Med-surg distributors quietly do their part in supply chain - News

Curt Werner

Hunkering down and making it through a distracting, if not tumultuous decade in the 1990s, the three remaining national medical-surgical supply distributors appear to have shaken off the turmoil and settled down to doing what they do best, namely making sure that the nation's 5,600 hospitals are supplied with the life-saving products they need in time to save those lives, and doing it for a reasonable price.

After a period when the urge to merge swept through, transformed and consolidated the industry, the past few years have brought no new major mergers.
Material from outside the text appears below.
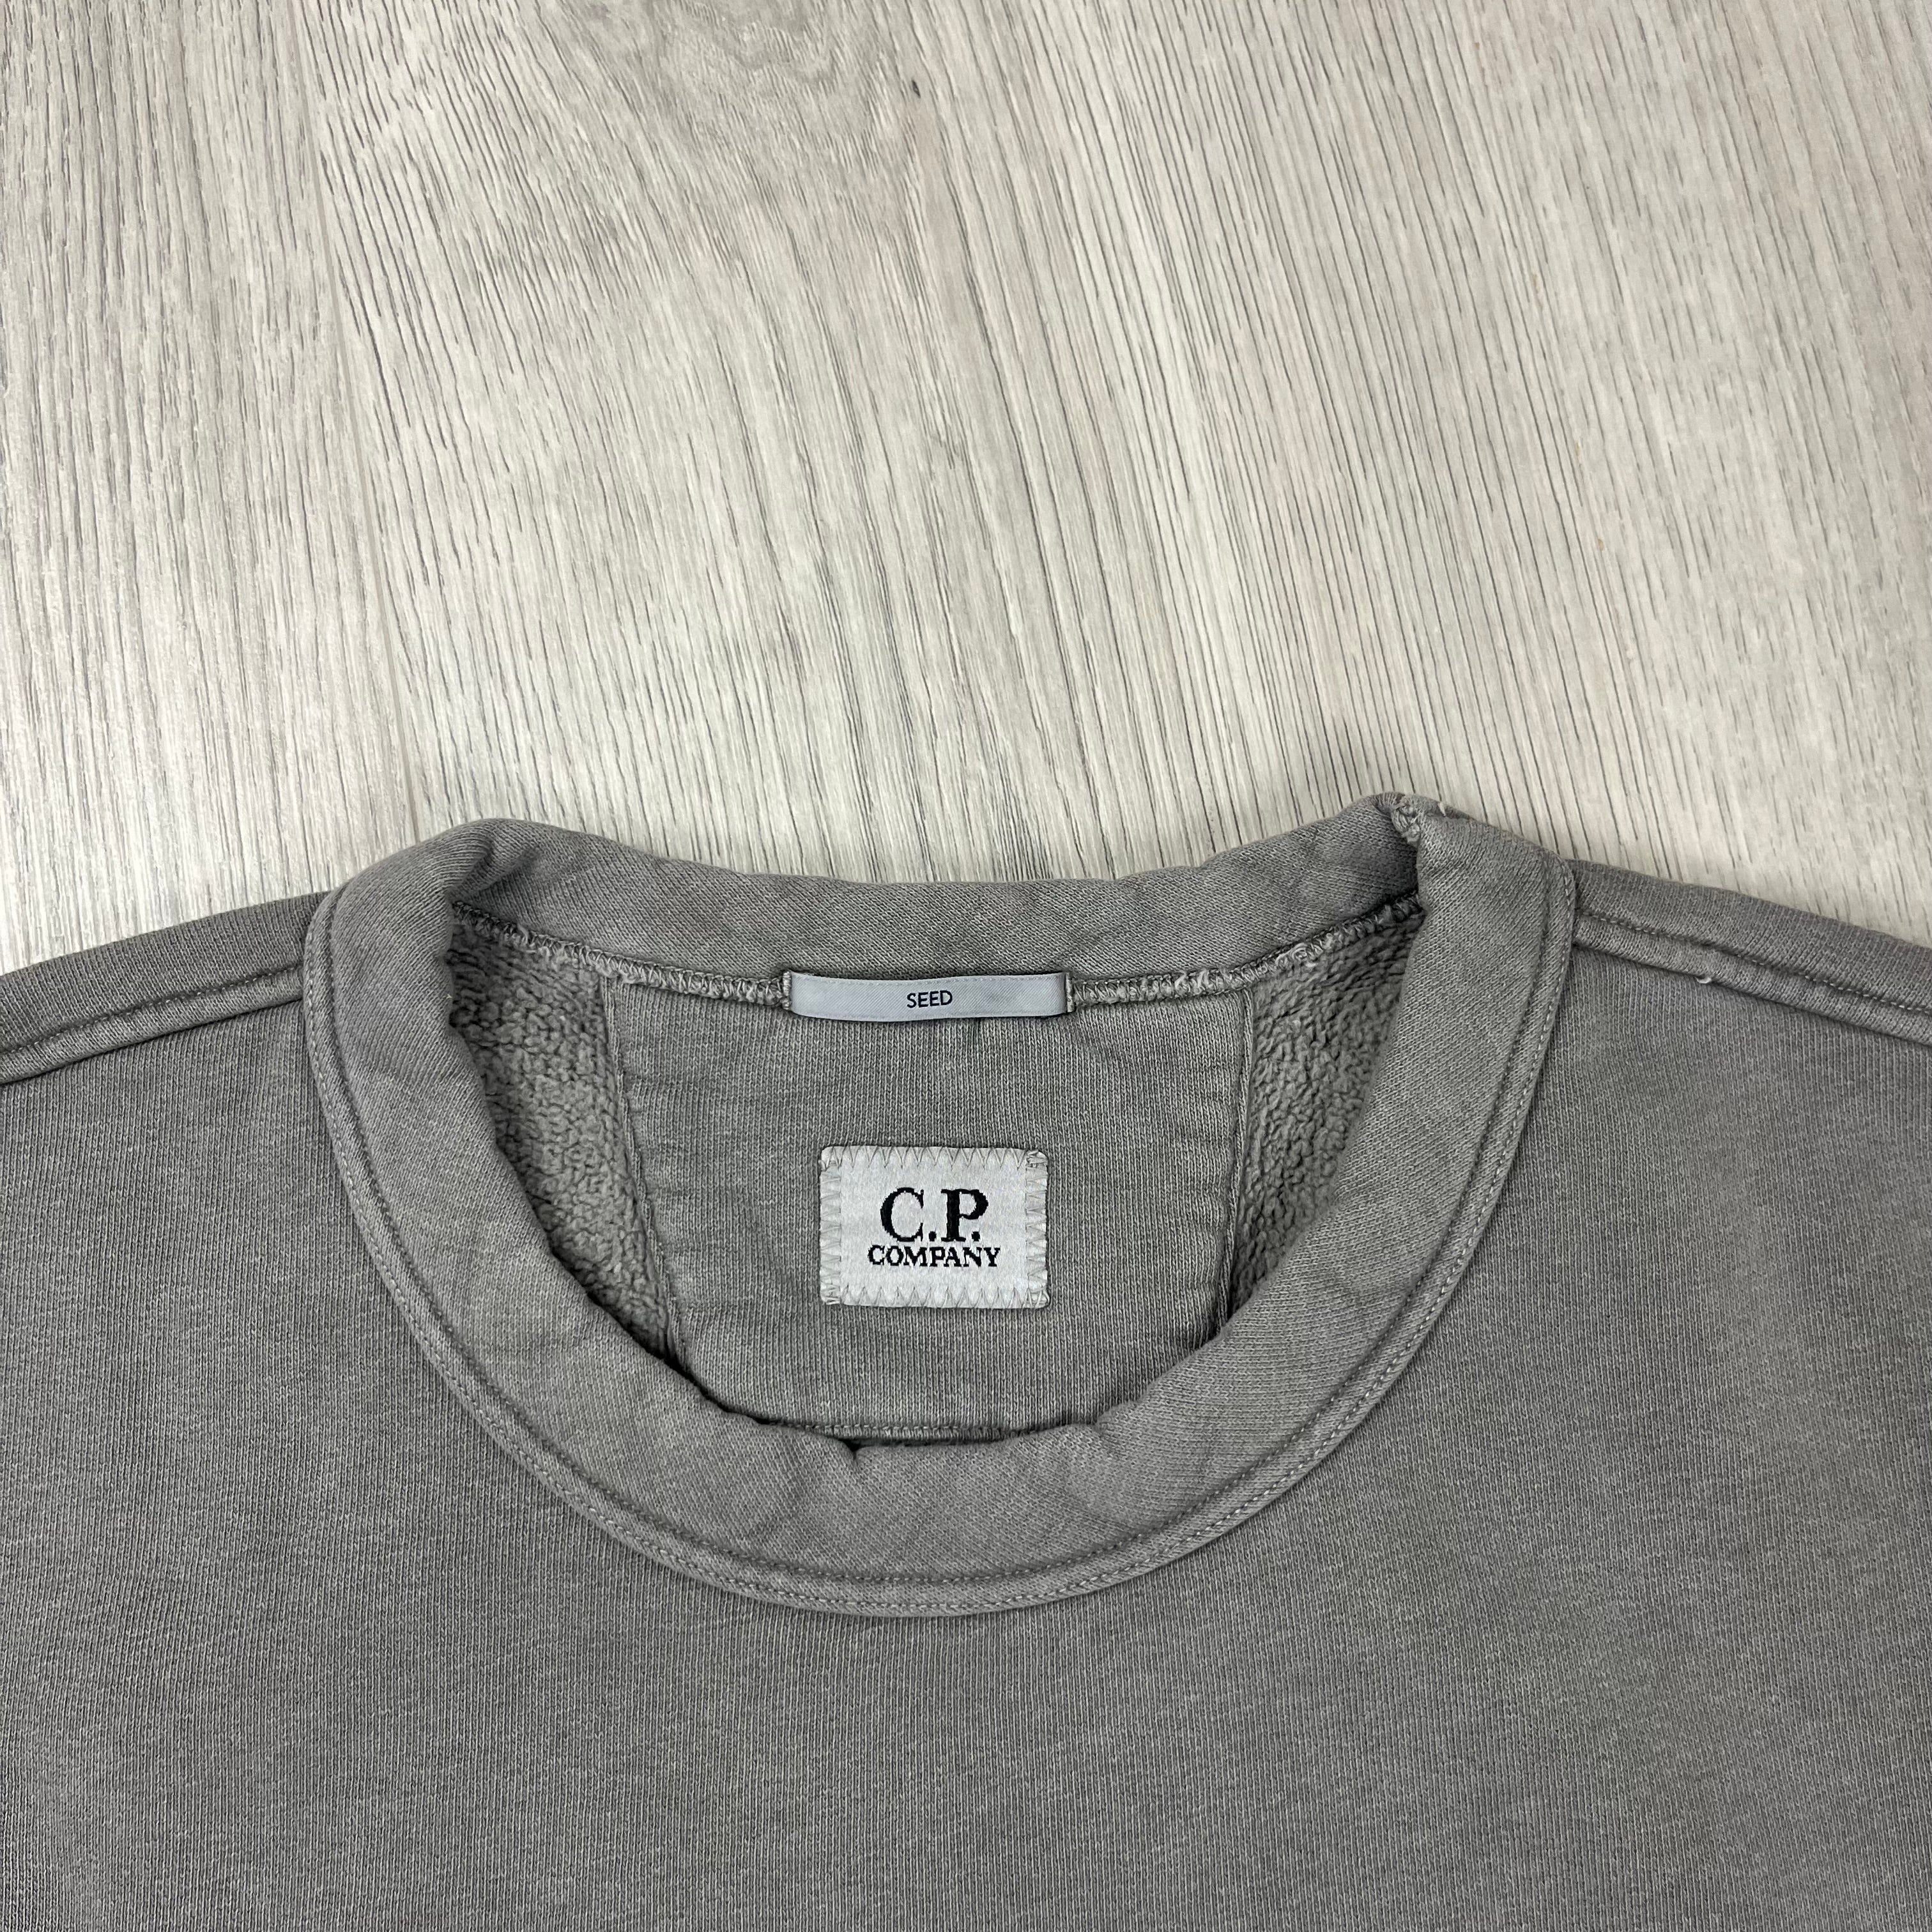 CP Company SEED Sweatshirt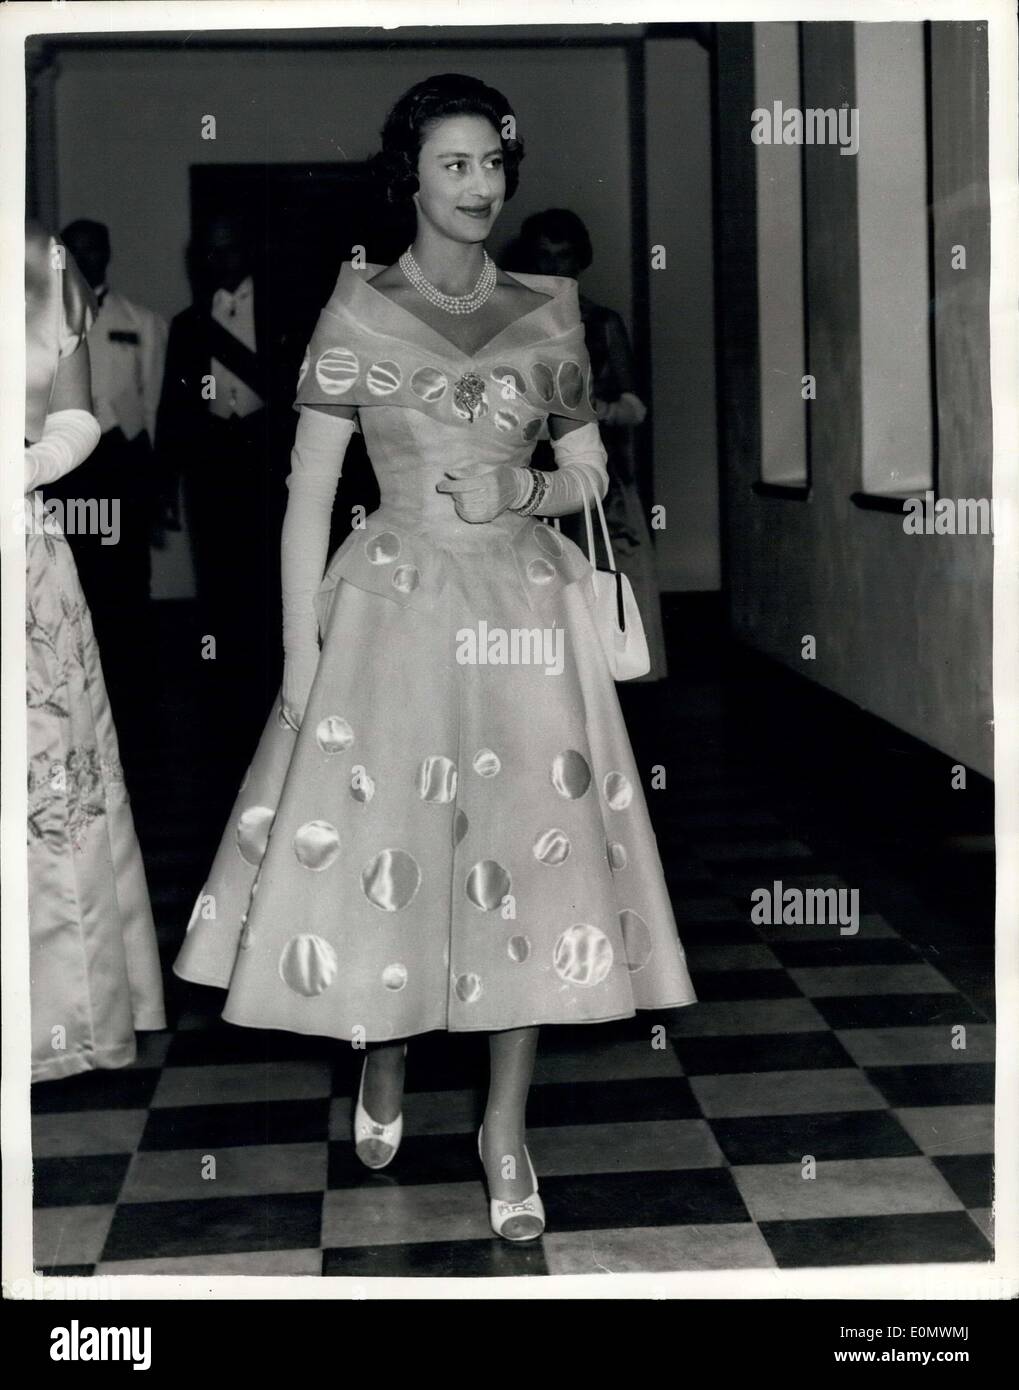 Sep 26, 1956 - hat Prinzessin Margaret setzen eine neue Mode - Foto  zeigt:-das ist das Kleid, das eine Mode-Mensation in Mombama erstellt.  Prinzessin Margaret trug es für eine Regierung Haus-Rezeption. Jetzt

Nor have distributors been forced to revisit the embarrassment of the days when a combination of overzealous bidding on group purchasing contracts and a tough economy led to a humiliating plea to those same GPOs to lift margin points on contracts distributors had willfully signed just months earlier.

According to the current numbers at least, each distributor has been quietly and efficiently going about its business. Like good umpires, a good med-surg distributor is rarely noticed (other than perhaps by its shareholders). For the most part, no news is good news for distributors and hospitals alike. "This segment has experienced a very glacial rate of change," says Chris McFadden, a senior analyst who has long been covering the distribution sector for Goldman Sachs in New York.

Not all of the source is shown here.